I'm sorry this is so long. Please read it if you have the time.

Here's the situation. My husband and I got married almost three months ago. We moved 17 hours away from our families for his new job. His new job requires him to be gone during the week so he is only home on weekends. This isn't the main problem, just part of it, since I knew he would be traveling before we got married. Now we have seven parrots - I take care of them during the week since my husband's gone and he helps out on the weekends with them.
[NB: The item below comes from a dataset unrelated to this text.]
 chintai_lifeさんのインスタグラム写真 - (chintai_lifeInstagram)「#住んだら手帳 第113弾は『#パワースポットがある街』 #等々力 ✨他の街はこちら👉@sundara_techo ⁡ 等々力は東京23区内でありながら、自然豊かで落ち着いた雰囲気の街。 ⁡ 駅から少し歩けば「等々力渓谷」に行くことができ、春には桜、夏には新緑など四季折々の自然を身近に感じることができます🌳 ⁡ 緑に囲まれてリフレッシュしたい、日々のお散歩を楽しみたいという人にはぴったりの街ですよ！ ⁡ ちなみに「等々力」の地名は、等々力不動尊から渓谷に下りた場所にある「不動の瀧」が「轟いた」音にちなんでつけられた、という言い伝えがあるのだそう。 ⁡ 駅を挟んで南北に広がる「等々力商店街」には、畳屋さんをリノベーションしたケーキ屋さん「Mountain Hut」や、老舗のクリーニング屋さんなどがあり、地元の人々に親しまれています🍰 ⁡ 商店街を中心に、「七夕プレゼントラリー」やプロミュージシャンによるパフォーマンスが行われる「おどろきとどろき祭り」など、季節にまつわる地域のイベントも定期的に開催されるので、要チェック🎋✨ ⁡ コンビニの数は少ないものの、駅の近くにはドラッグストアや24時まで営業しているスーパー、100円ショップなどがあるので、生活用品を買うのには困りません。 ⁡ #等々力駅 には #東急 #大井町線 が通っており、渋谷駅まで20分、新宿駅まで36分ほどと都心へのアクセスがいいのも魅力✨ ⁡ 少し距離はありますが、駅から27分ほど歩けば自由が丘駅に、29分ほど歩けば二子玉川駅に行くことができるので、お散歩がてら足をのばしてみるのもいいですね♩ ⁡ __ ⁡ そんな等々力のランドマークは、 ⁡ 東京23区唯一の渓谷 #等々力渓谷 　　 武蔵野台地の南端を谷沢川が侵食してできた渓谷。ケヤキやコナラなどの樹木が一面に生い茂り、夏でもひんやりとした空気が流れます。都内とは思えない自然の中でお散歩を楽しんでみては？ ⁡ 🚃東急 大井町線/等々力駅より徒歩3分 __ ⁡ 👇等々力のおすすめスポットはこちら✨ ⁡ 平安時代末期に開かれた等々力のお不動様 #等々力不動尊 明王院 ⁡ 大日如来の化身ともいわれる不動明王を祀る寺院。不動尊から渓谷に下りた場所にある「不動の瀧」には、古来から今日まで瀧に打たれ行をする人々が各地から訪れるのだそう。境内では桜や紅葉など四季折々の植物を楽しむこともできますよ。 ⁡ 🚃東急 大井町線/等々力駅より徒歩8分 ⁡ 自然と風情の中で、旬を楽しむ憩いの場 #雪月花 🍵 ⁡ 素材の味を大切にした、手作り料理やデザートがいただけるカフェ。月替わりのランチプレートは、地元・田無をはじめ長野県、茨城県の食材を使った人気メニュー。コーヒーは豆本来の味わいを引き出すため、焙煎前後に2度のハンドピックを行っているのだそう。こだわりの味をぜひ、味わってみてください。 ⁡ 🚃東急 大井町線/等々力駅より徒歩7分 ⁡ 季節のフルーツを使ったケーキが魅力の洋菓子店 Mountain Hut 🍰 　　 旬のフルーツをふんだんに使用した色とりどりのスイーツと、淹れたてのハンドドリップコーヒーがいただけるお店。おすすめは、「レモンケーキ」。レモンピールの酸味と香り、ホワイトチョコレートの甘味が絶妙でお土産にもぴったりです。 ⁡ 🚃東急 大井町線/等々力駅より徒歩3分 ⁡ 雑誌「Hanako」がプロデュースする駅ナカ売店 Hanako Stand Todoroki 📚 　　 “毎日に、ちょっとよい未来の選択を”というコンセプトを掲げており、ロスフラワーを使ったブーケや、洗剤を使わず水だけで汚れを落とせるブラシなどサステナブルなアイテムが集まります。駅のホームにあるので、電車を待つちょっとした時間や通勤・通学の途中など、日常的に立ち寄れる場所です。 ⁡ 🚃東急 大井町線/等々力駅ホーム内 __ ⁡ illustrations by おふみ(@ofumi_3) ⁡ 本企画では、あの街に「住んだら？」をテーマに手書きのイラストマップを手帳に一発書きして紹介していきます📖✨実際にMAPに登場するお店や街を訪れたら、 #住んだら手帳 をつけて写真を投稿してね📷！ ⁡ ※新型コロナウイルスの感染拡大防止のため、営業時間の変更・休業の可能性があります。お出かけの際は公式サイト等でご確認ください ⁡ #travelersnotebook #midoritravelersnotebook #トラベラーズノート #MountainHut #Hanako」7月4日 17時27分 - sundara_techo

Now here's the problem. My husband decided he wanted a puppy so when we were at a pet store (I know, not the best place to get a dog), he decided he was going to buy a puppy. I didn't stop him, but I didn't encourage him since I do not want a puppy nor have I ever wanted a puppy. This was Sunday. Now my husband left Monday morning for work and so I have been the one taking care of the puppy (and the birds). I cannot deal with it - I wake up at night to take it out, I waste my short lunch break from work (I work full-time) trying to get the puppy to go potty outside - I don't even get to eat, I feel like I can't do anything after work. I have no one around to help me out since my family lives up in MN and we're in TX. Now I understand this isn't the puppy's fault as she is just a baby.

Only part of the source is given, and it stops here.